• [Dataset section]:
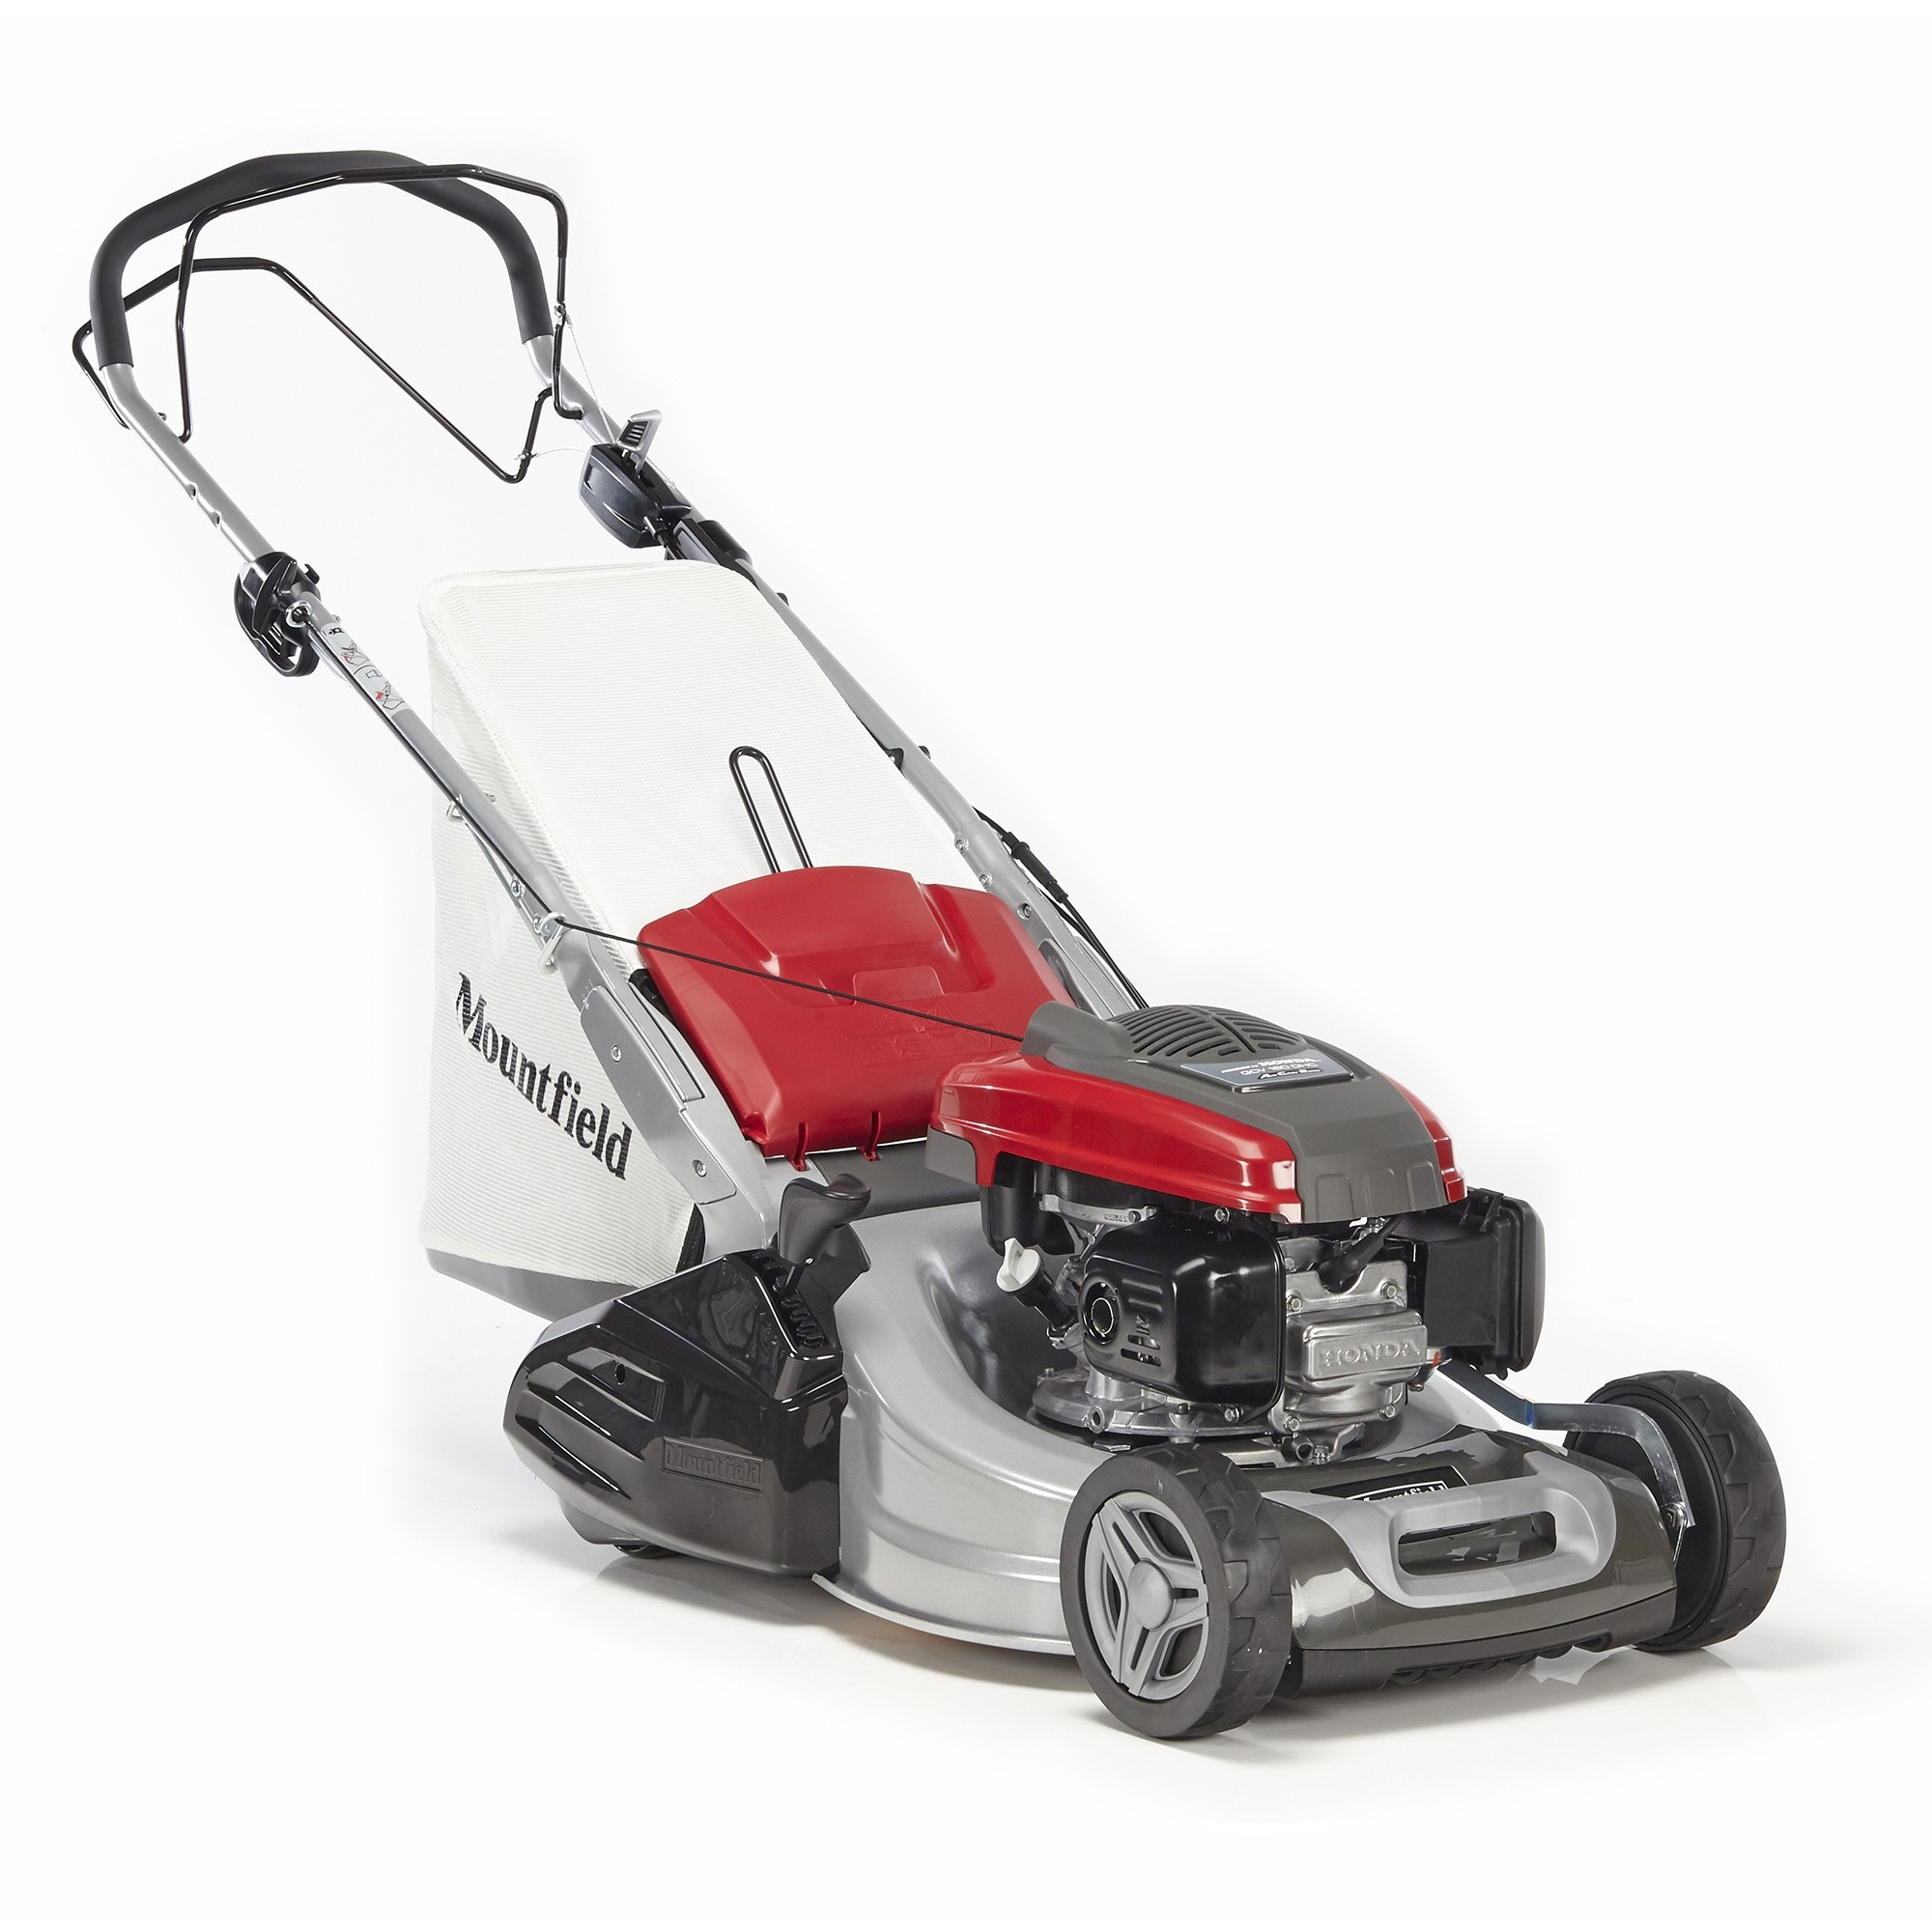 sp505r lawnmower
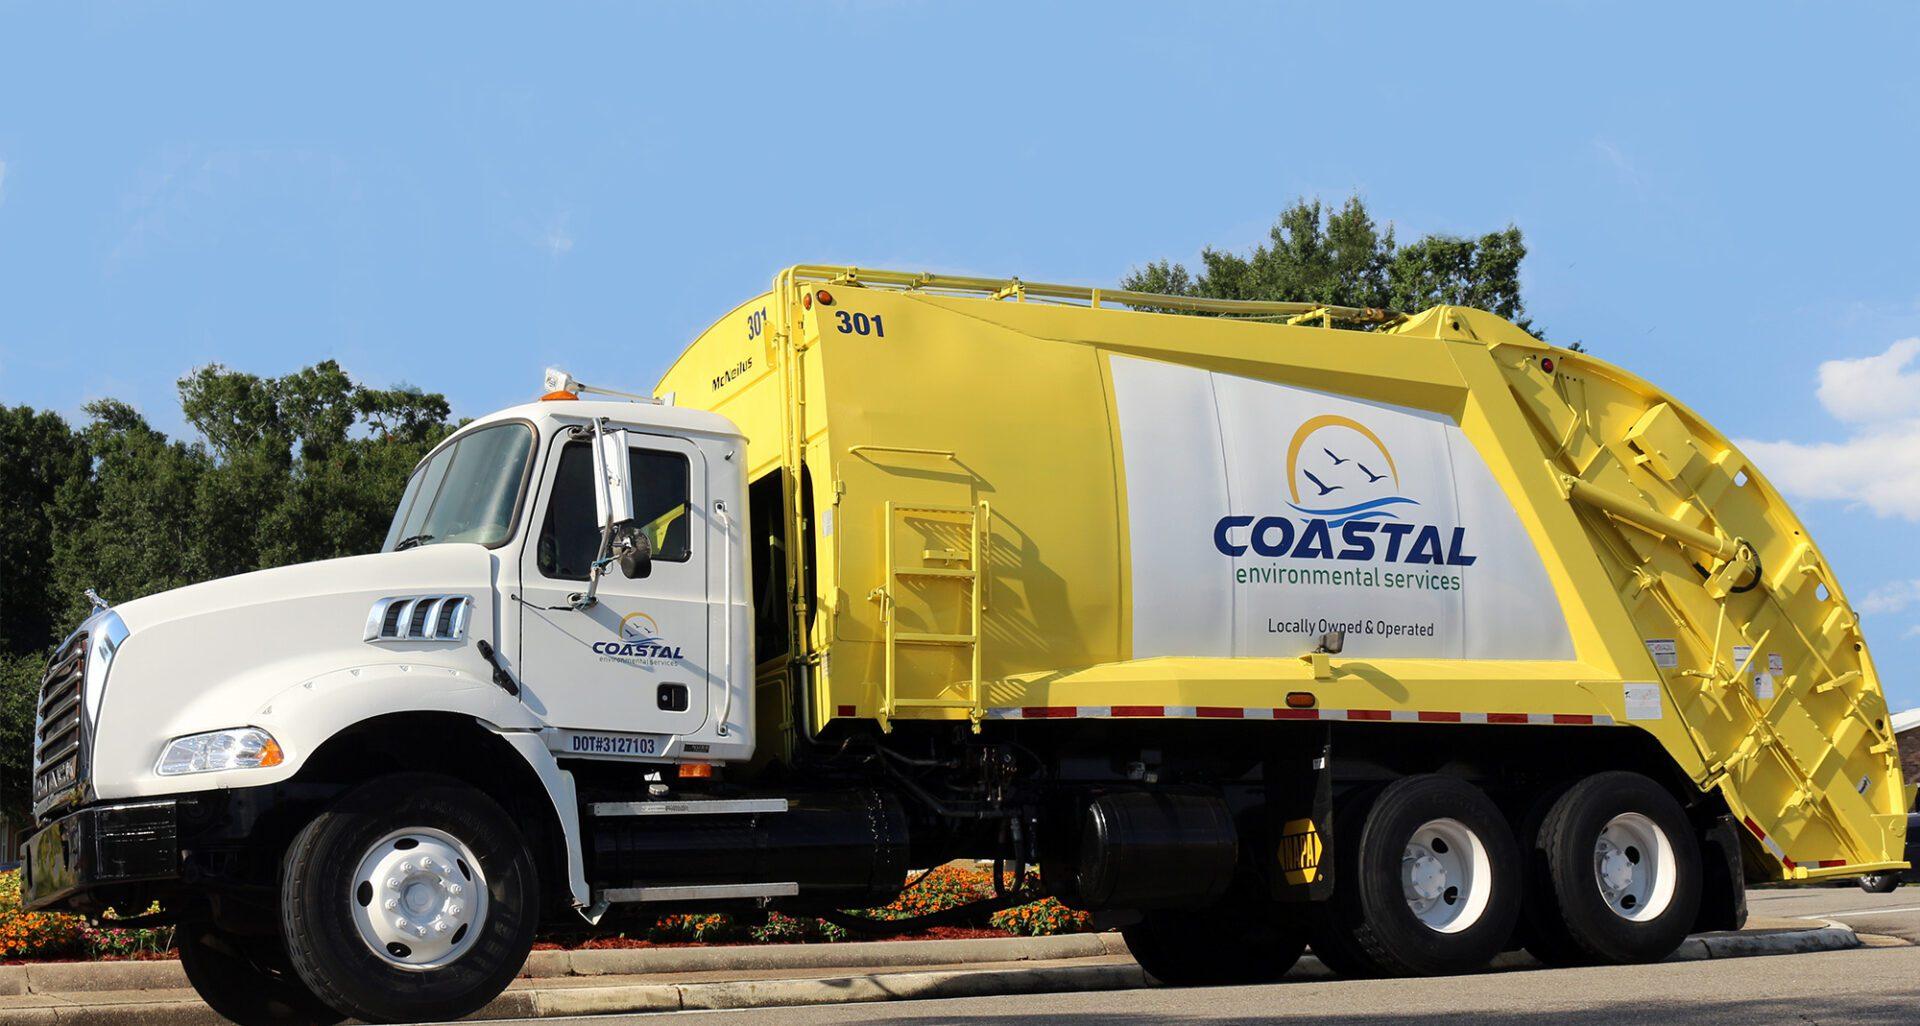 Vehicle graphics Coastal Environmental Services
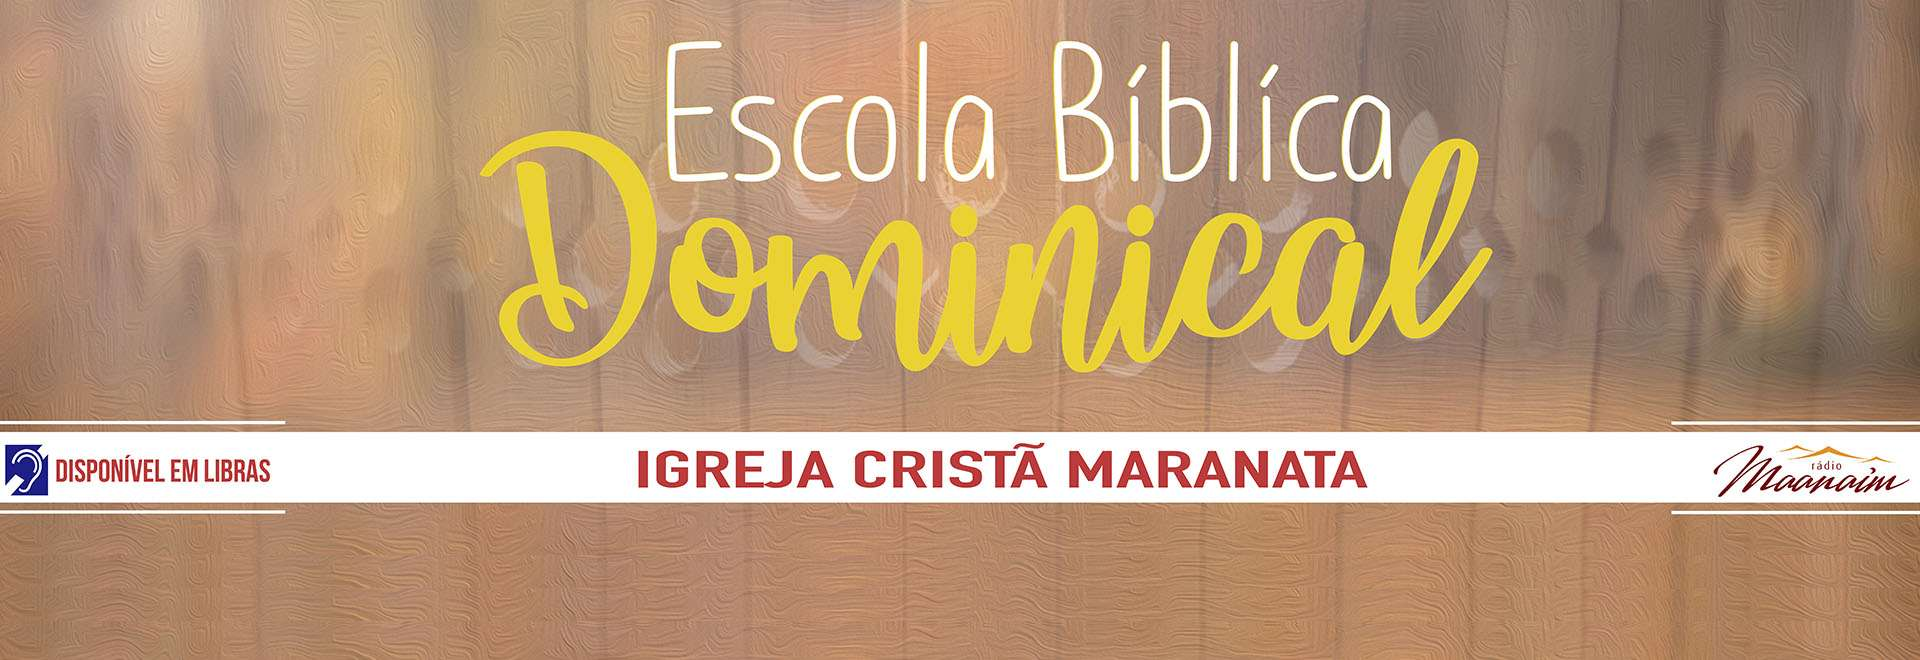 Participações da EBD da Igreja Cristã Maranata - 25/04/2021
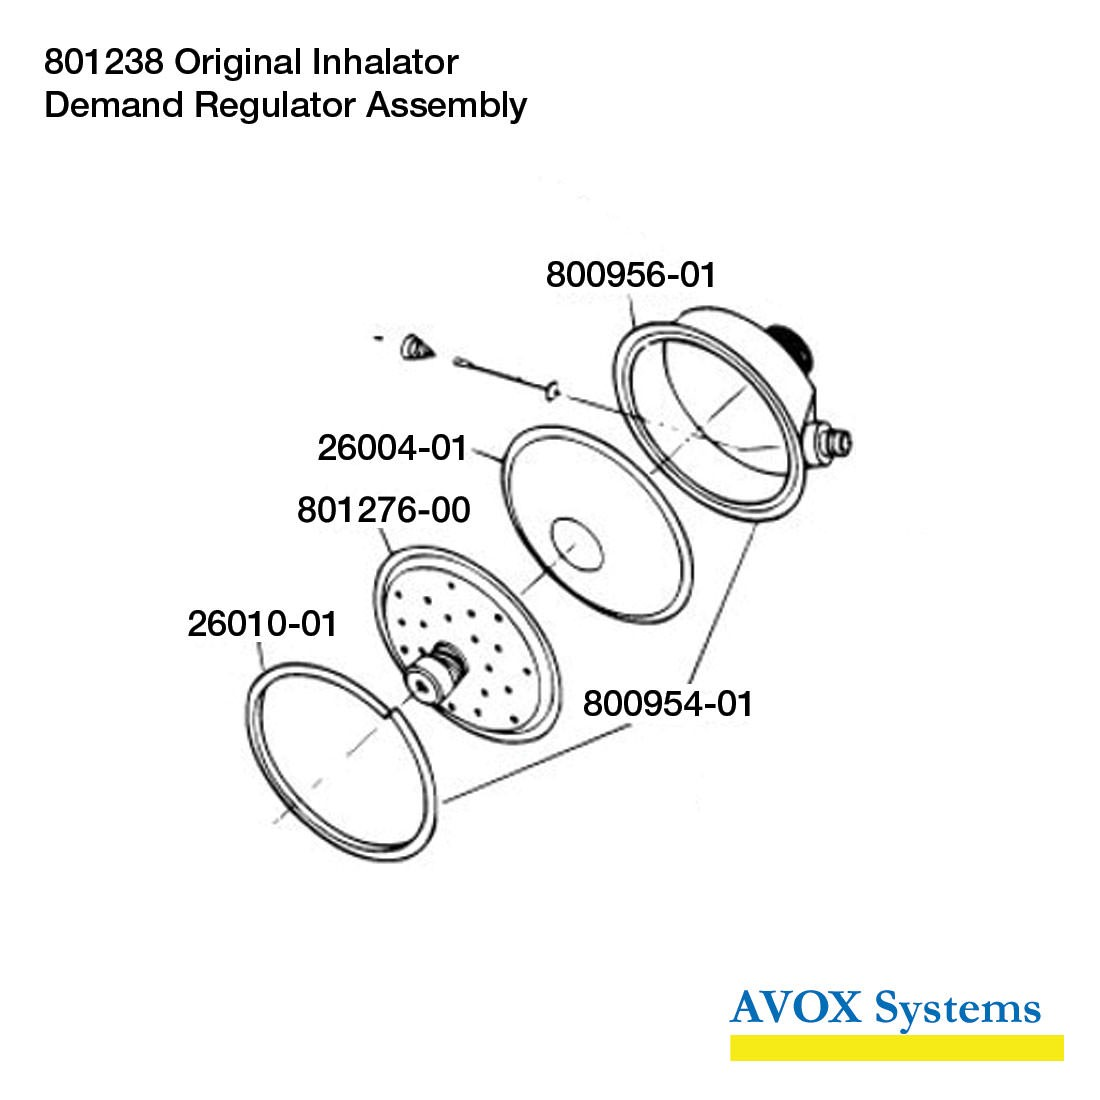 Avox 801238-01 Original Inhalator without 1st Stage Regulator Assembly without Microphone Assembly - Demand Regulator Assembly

• [Work instructions]: Restate every line of the data above word for word, with the images removed.

• [Result for this task]:
 sp505r lawnmower
 Vehicle graphics Coastal Environmental Services
 Participações da EBD da Igreja Cristã Maranata - 25/04/2021
 Avox 801238-01 Original Inhalator without 1st Stage Regulator Assembly without Microphone Assembly - Demand Regulator Assembly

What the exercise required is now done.